**DATA SECTION**
:::

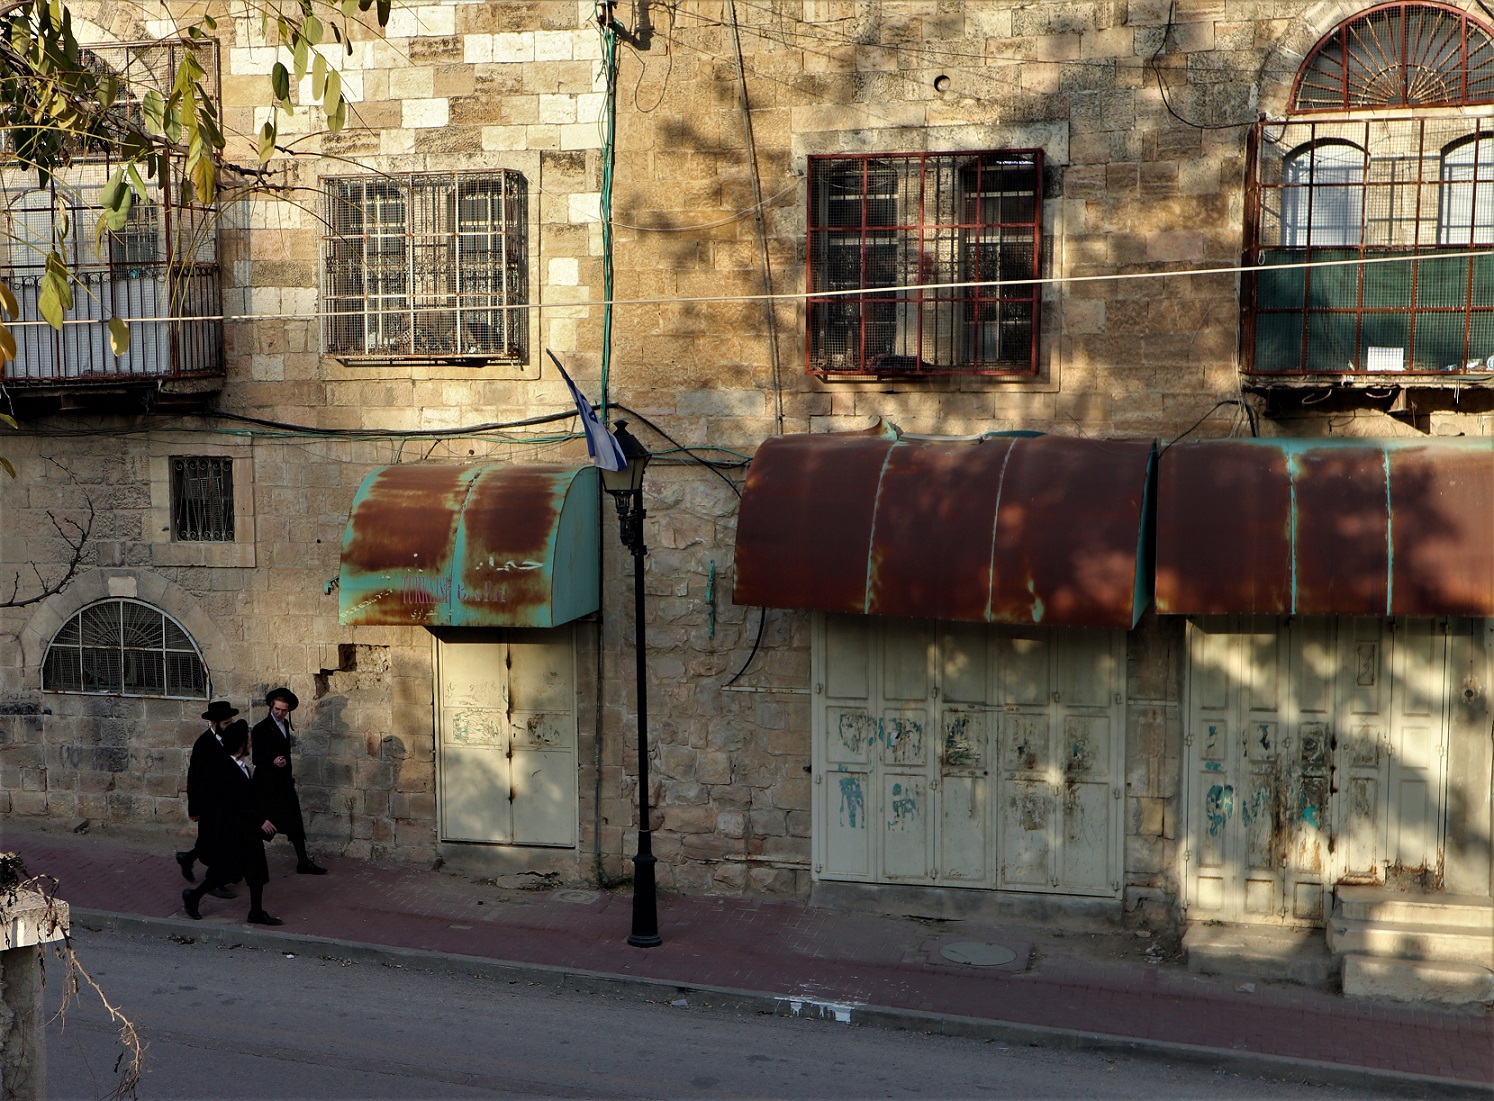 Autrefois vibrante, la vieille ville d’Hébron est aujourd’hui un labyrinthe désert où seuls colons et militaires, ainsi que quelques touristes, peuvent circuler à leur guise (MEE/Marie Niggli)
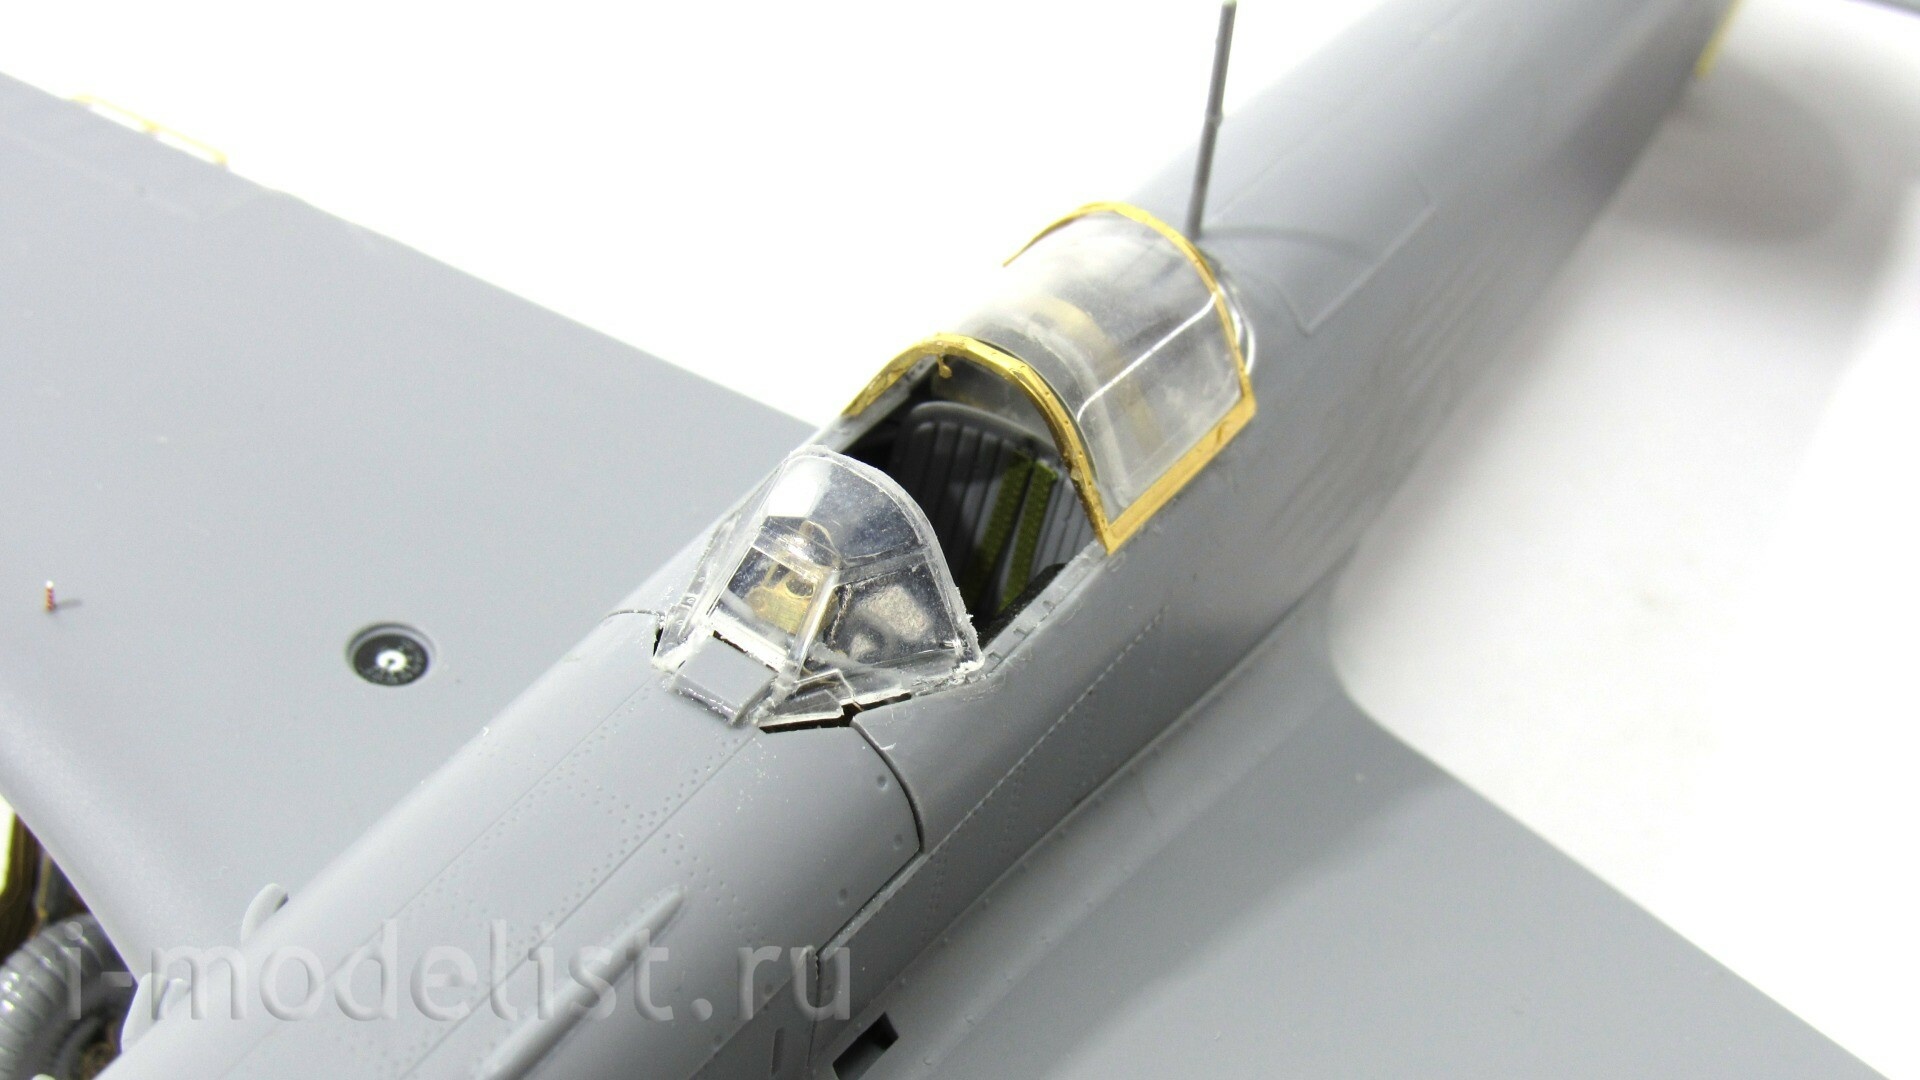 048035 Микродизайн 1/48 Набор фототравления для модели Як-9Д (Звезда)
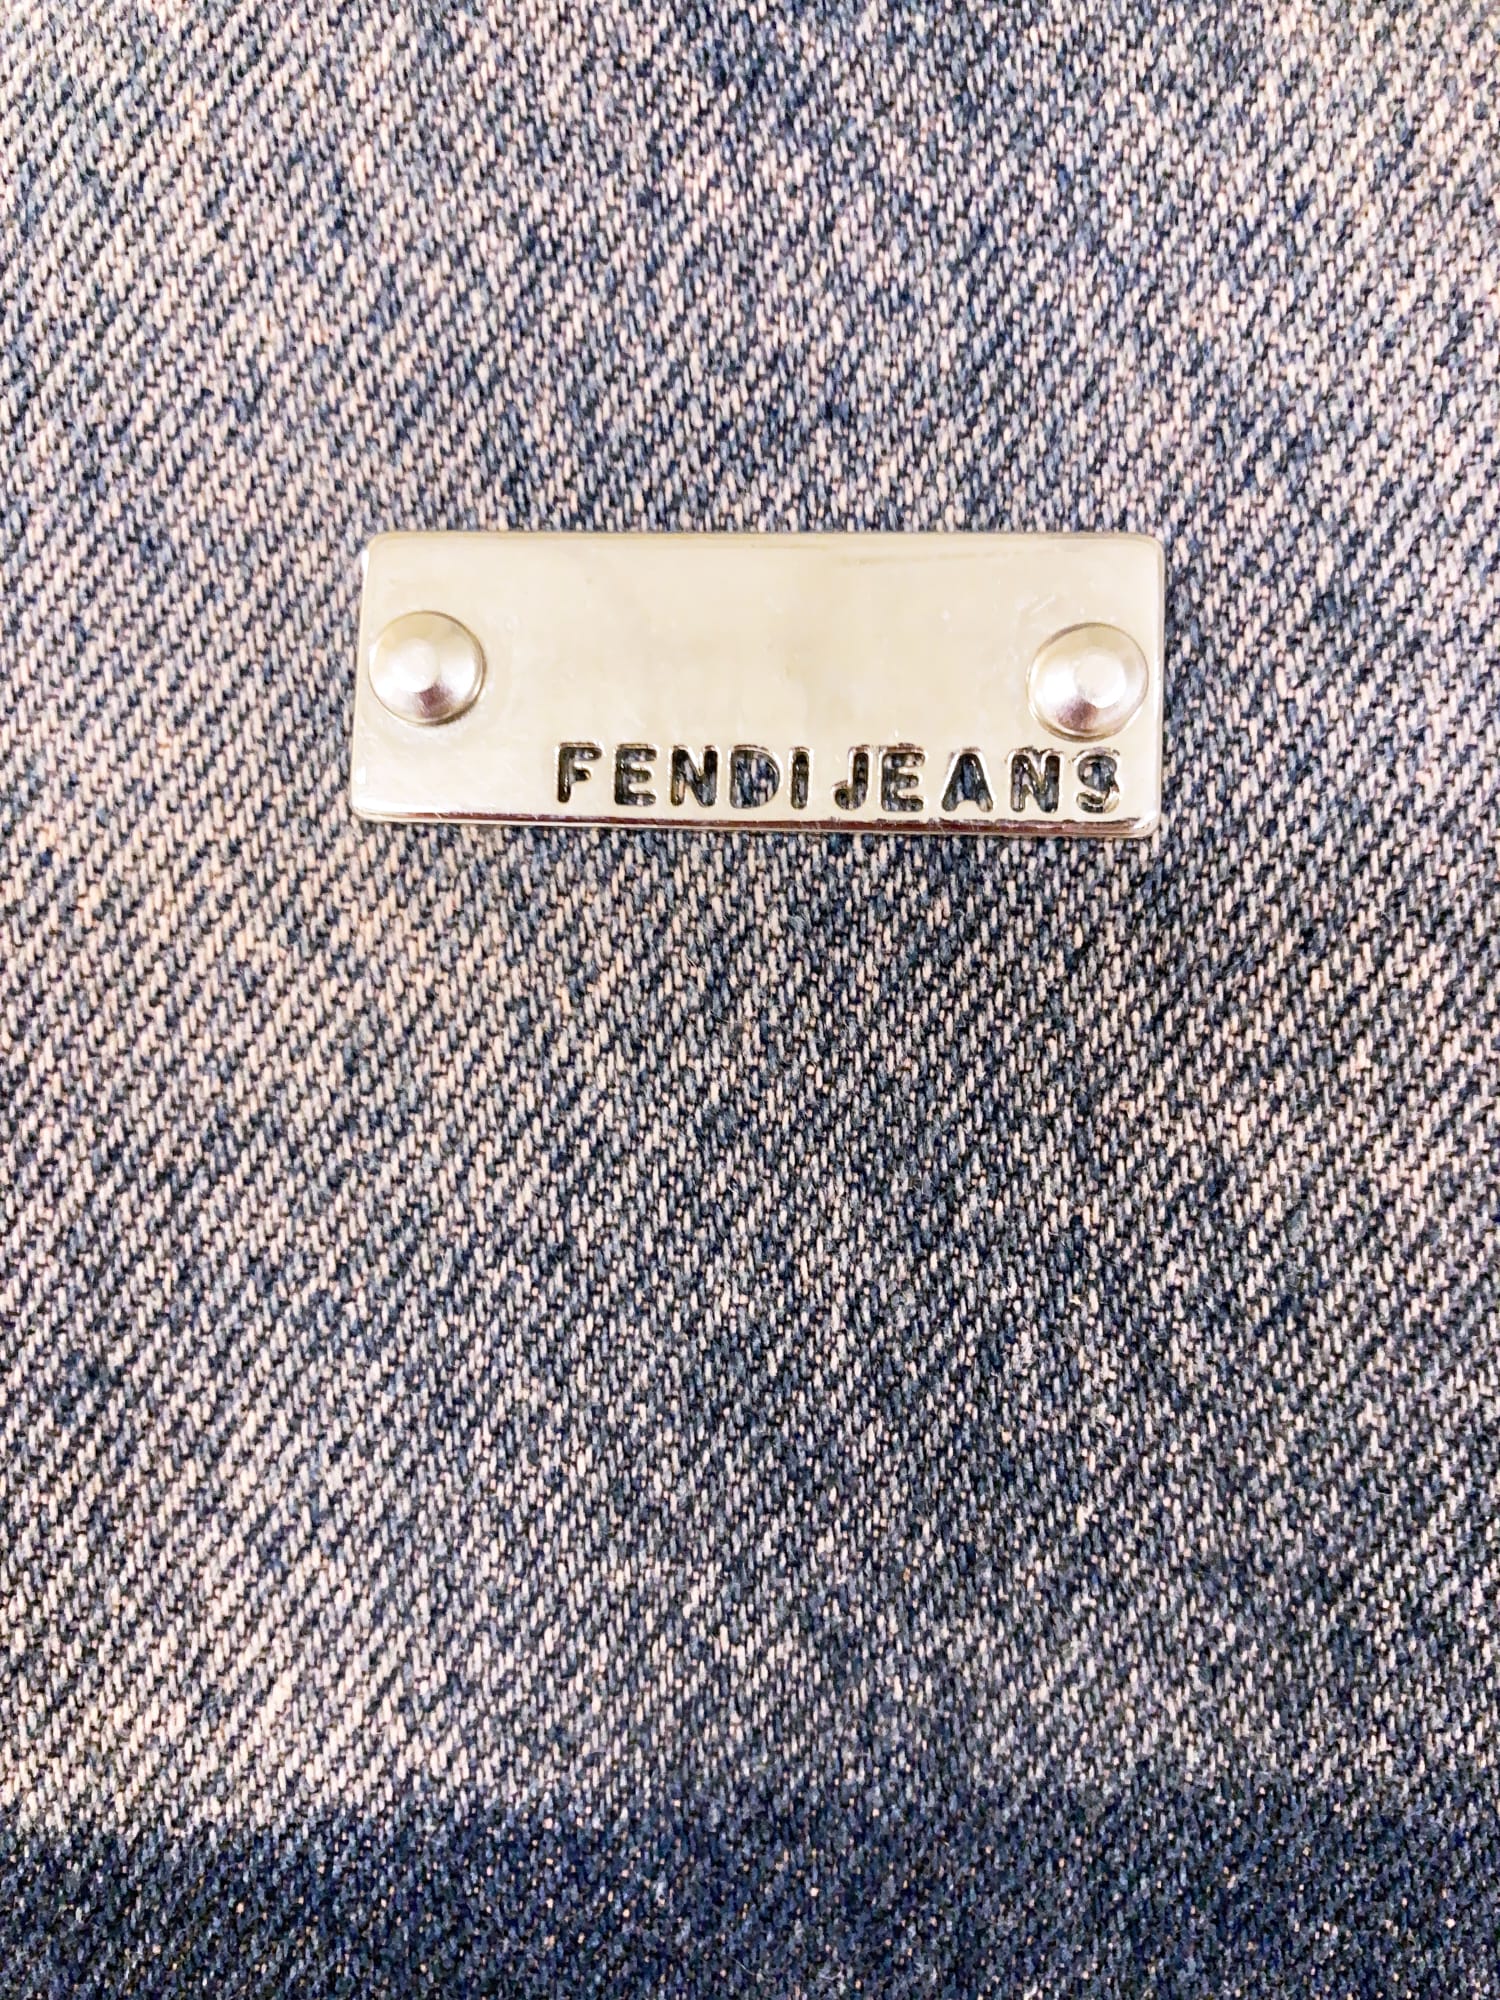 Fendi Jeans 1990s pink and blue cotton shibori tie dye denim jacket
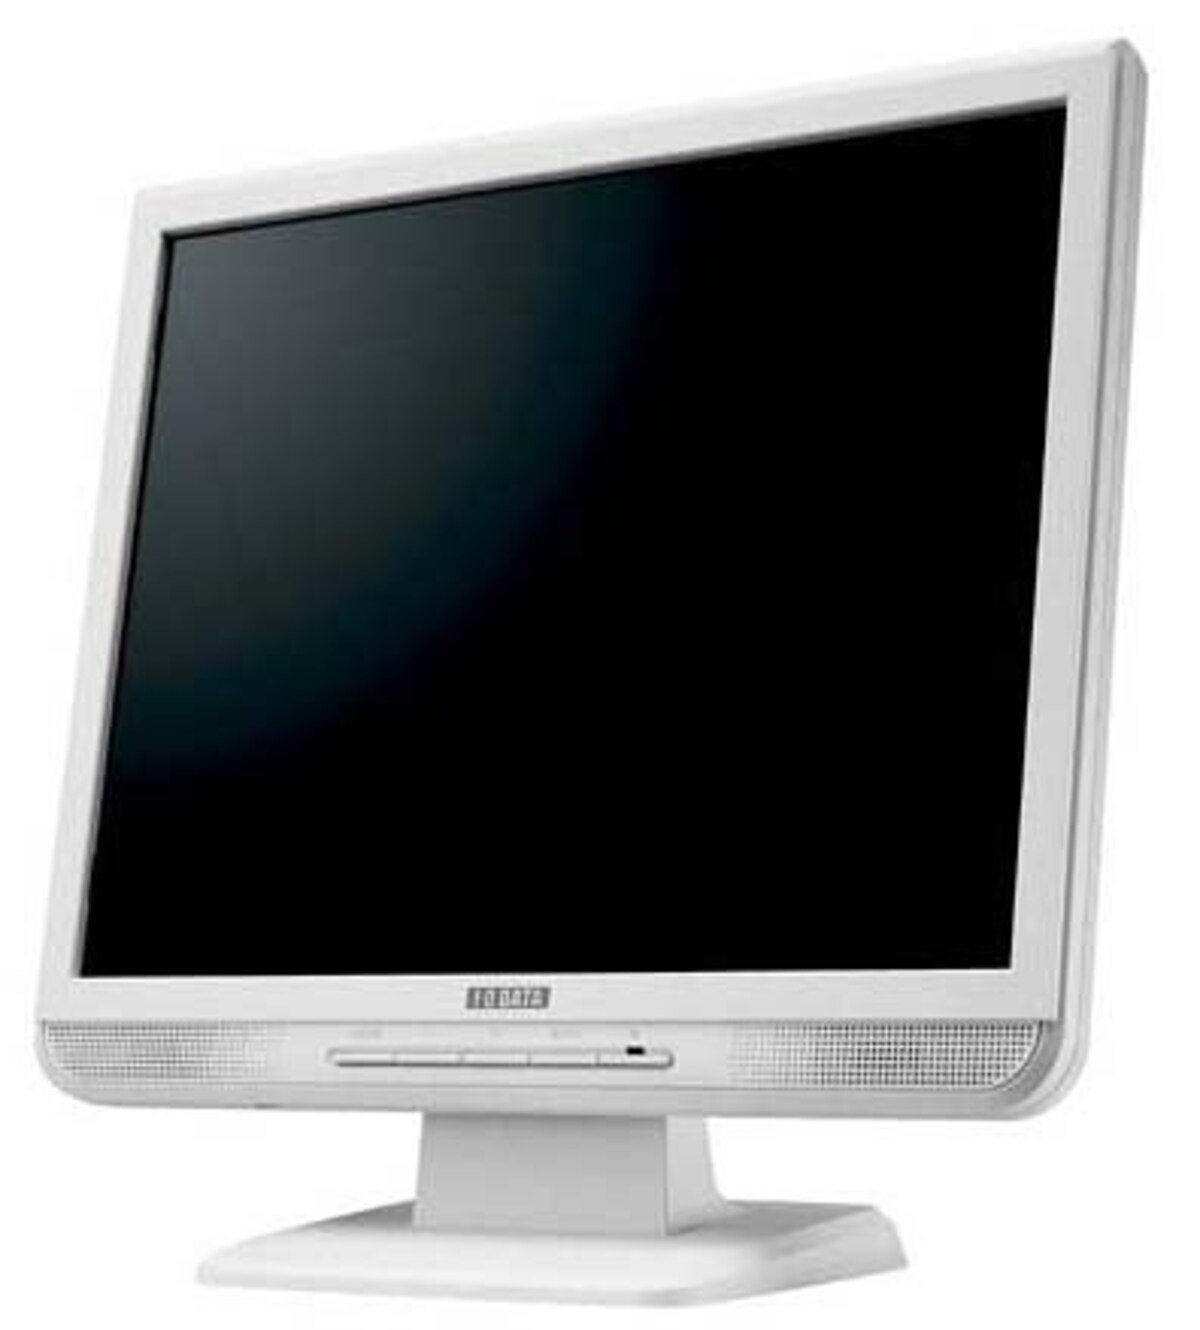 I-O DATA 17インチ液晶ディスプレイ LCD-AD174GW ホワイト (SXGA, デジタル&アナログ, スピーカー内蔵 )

:::

**WHAT IS NEEDED**
Only the lines from the line containing "Fendi Jeans 1990s" through the end of the material should be retyped, exactly and in full, with no pictures.

**OUTPUT FOR THIS EXERCISE**
 Fendi Jeans 1990s pink and blue cotton shibori tie dye denim jacket
 I-O DATA 17インチ液晶ディスプレイ LCD-AD174GW ホワイト (SXGA, デジタル&アナログ, スピーカー内蔵 )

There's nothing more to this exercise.